SchoolsPLP won the Alabama contract (and others). Id. ¶¶ 41, 50. It then allegedly
gave Alabama schools some logins to Discovery’s platform. Id. ¶ 45. Discovery does
not say exactly how SchoolsPLP got those logins. But it claims the logins were the
same ones it had given Lincoln—logins Lincoln was banned from reselling to companies like SchoolsPLP. Id. ¶ 45.
Discovery has sued SchoolsPLP (but not Lincoln) for using its platform without
authorization. It sues under two federal laws, the Lanham Act and the Computer
Fraud and Abuse Act (CFAA). It also brings four state-law claims.
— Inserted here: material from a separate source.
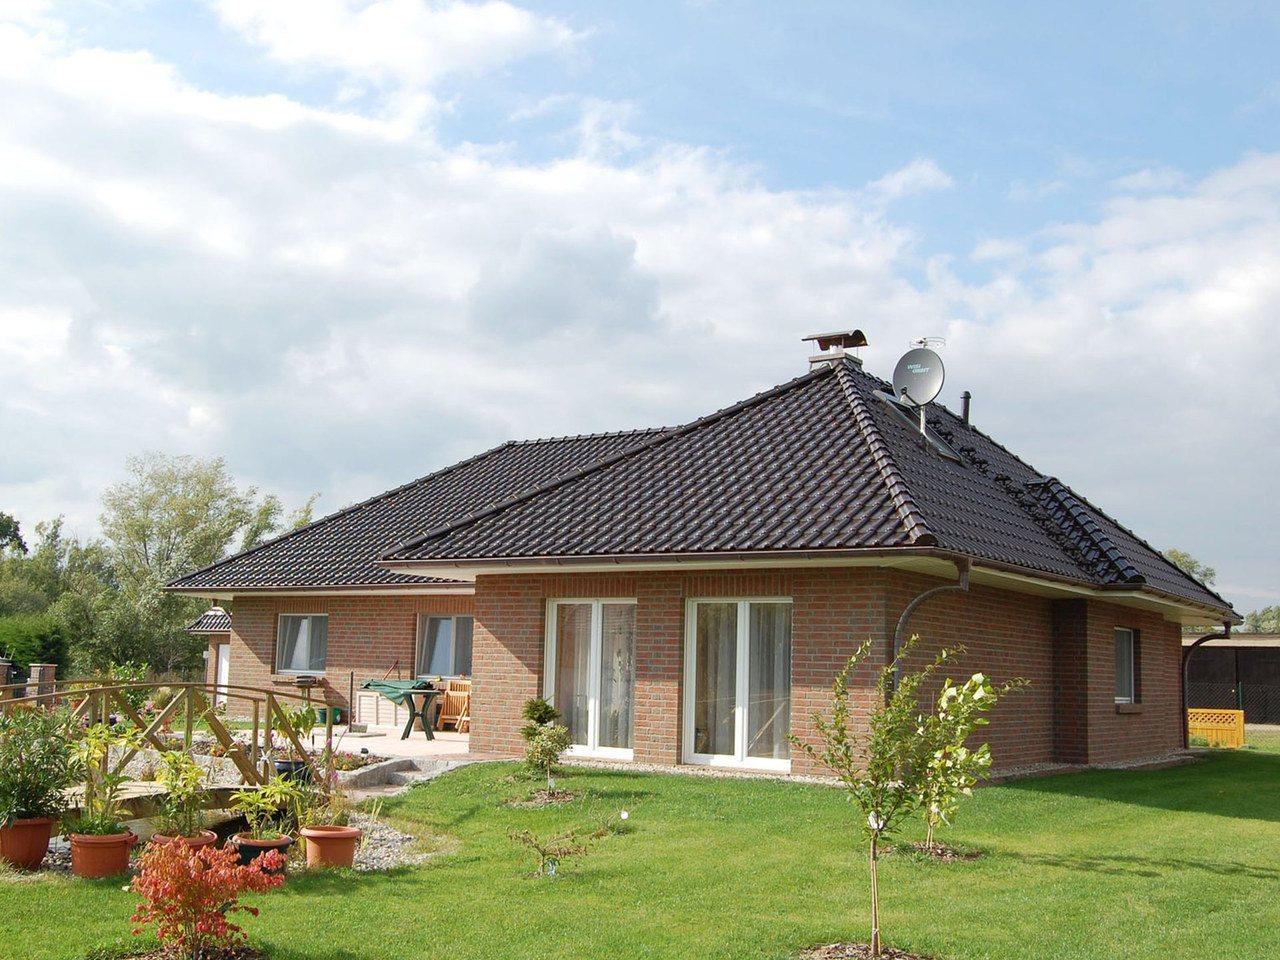 Rothenseer Baugesellschaft - Haus Am Deich Ansicht 3

SchoolsPLP has moved to dismiss the two CFAA claims plus three of the statelaw claims (tortious interference with contract, tortious interference with prospective
business relations, and trespass to chattels). The parties have stipulated that I may
apply Delaware law in resolving this motion. D.I. 17.
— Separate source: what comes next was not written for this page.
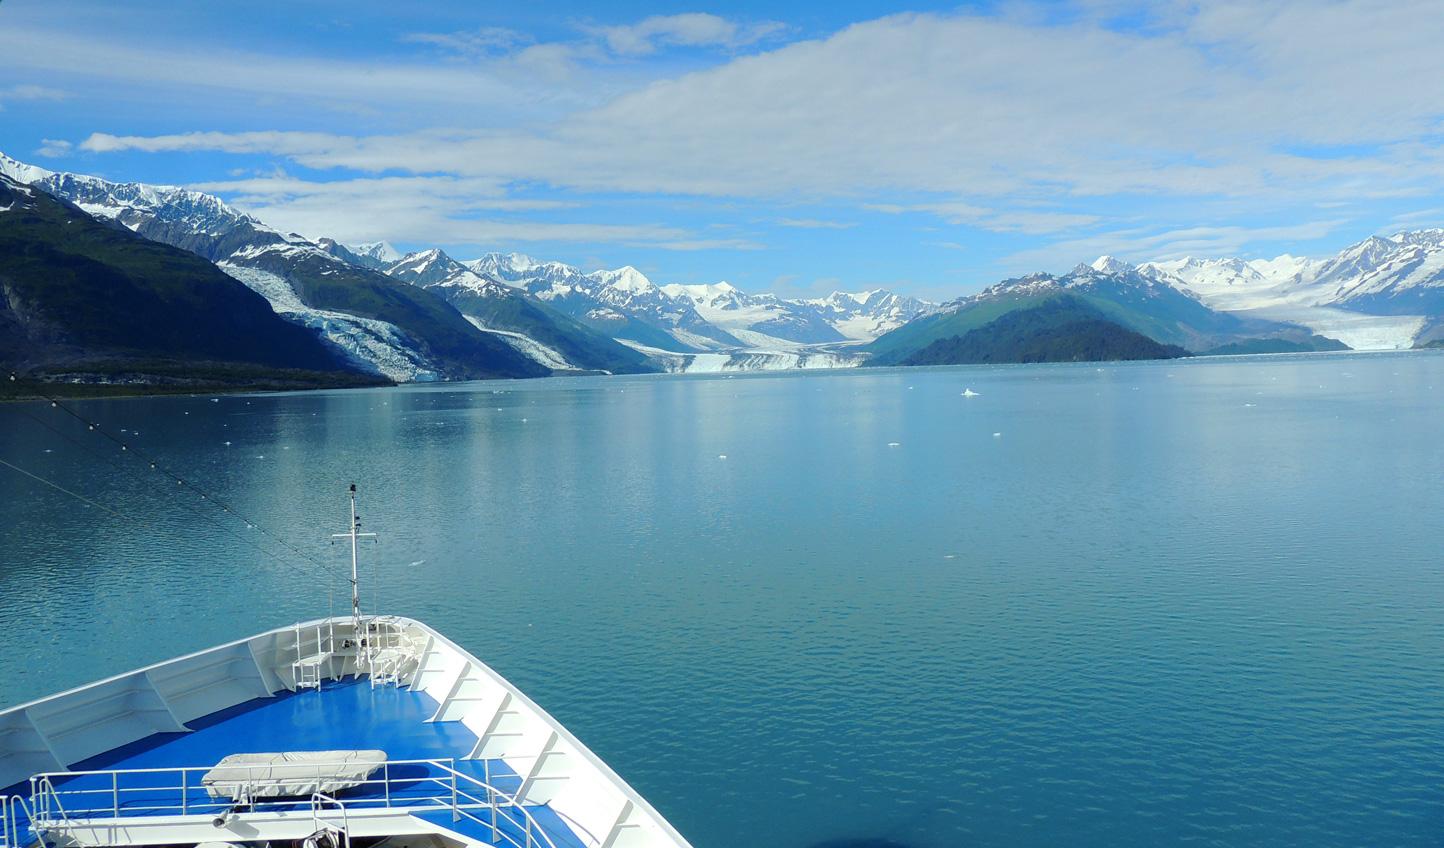 Set sail on Prince William Sound

II. THE CFAA AND TORTIOUS INTERFERENCE WITH CONTRACT CLAIMS FAIL
Discovery brings two CFAA claims based on SchoolsPLP’s using the platform and
reselling the logins without authorization. It also claims that SchoolsPLP tortiously
interfered with its contract with Lincoln. Discovery concedes that to win these claims,
it must prove that SchoolsPLP knew it could not buy the logins from Lincoln and
resell them. D.I. 14, 9–11; see 18 U.S.C. § 1030(a)(5)(C), (a)(6); Restatement (Second)
of Torts § 766 (1979).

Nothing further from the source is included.